1. N1QL enables Real-time Aggregation on Multi-Dimensional data (simulating relational joins over json documents)

N1QL extends SQL to handle Nested , Heterogeneous , Distributed data and allows ad-hoc query on secondary index

Courtesy @Couchbase Workshop

N1QL allows us to choose which elements are returned at the top level.

This is incredibly useful as it reduces the need to write complex parsing logic:

  • Within the application.
  • In Client side front end frameworks (Angular/Backbone etc.)

SELECT a.name, s.flight, s.utc, r.sourceairport, r.destinationairport, r.equipment FROM `travel-sample` r UNNEST r.schedule s JOIN `travel-sample` a ON KEYS r.airlineid WHERE r.sourceairport=’LHR’ AND r.destinationairport=’LAX’ AND s.day=2 ORDER BY a.name

sample code :  https://github.com/kaniska/couchbase_analytics/tree/master


2. Spark SQL allows seamless aggregation of data by joining heterogeneous datasources 

connect existing BI tools through JDBC

share data with multiple users through cached tables in jdbc driver

use columnar formats (skip unnecessary columns , use required columns)  , store data as a block of columns for a specific column

use partitioning (on filter keys like /year=2015/month=08/ etc.) , force shuffle through repartition ( if we want parallelism like fork-join and then coalesce)

pushing predicates to storages (postgress , mysql)

uses data frames (a distributed collection of rows organized into named columns) , (map-partitions shuffled RDDs , for a well-expressed dataframe , the optimizer to does the magic)

df = sqlContext.read.format(“json”).option(“samplingRatio”,”0.1″).load(“/data/marketing1.json”)


// ETL  –>  use a library to read finance staging data


sqlCtx.table(“revenue”).groupBy(“dept”).agg(“dept”, avg(“amount”)).collect()

the cool stuff is custom Python, R , Java , Scala code can be blended with Dataframe operations :  here an attribute ‘City’ from udf is merged with ‘User Id’ from user table

zipToCity = udf(lambda zipCode:  <custom python GeoLoc library>)

def add_demography(events):

u = sqlCtx.table(“users”)

events.join(u, events_user_id == u.user_id).withColumn(“city”, zipToCity(df.zip))

// courtesy : databricks demo

and the best part is since all operations are lazy a great deal of optimization can be performed .

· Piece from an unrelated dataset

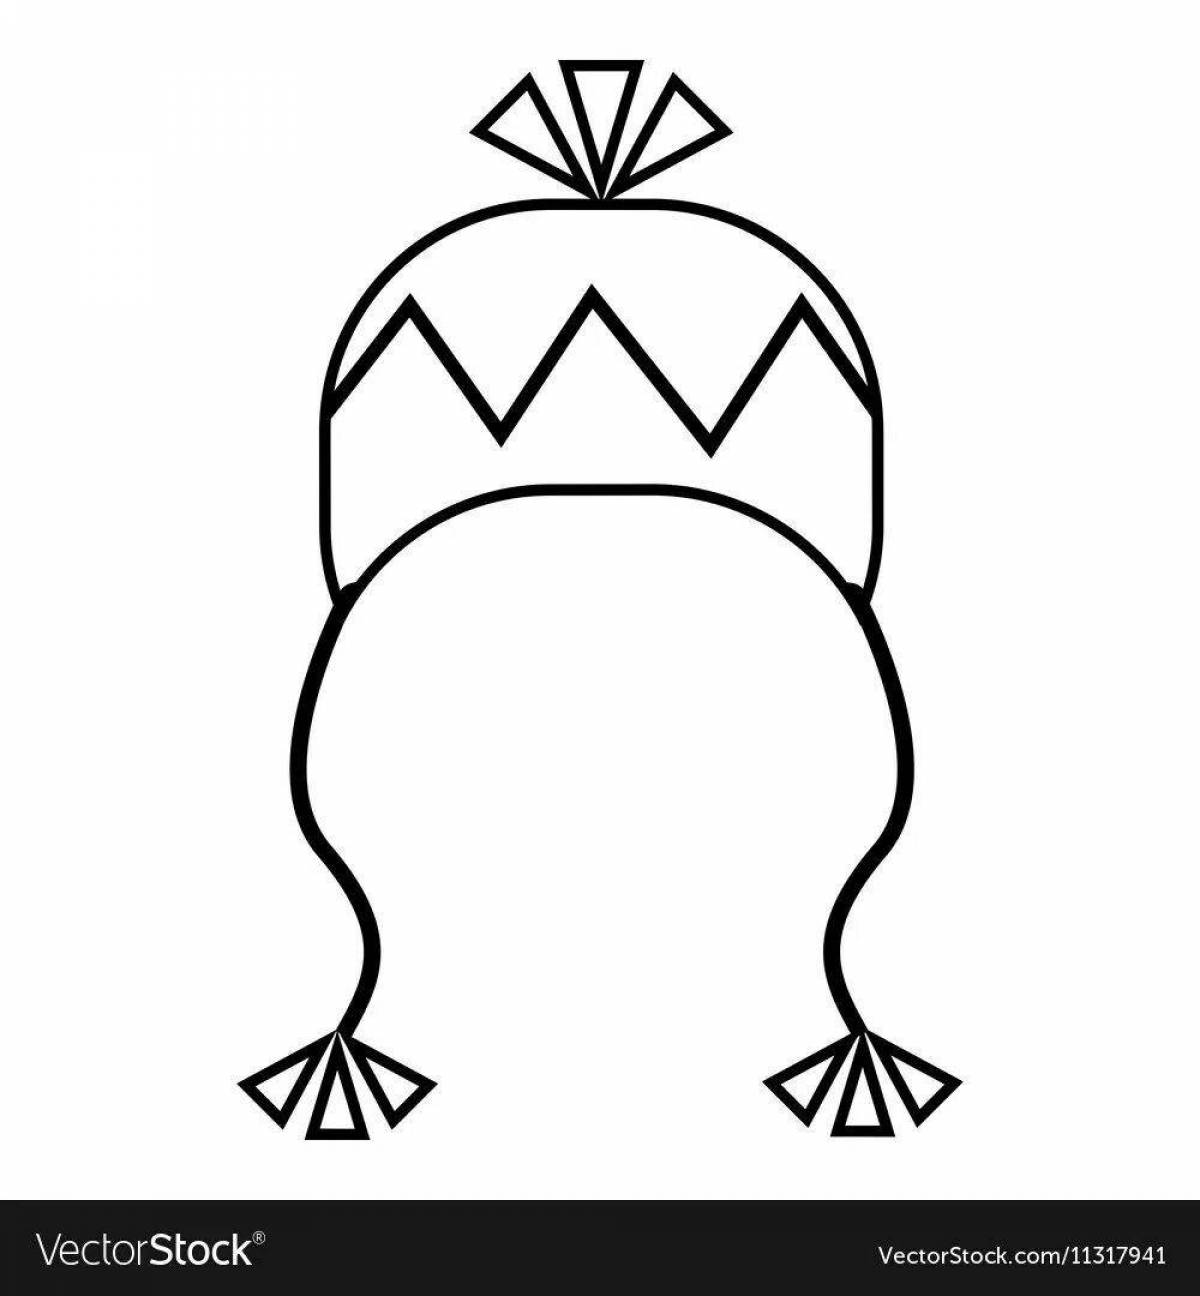 Animated snowman scarf coloring page

for example, now when we call the add_demographics to find events info and then find training data , users can be scanned while executing Query Plan and data can be columnized and compressed even before executing actual Query .

events = add_demographics(sqlCtx.load(“/data/events”, “parquet”))

training_data = events.where(events.city == “San Francisco”).select(events.timestamp).collect()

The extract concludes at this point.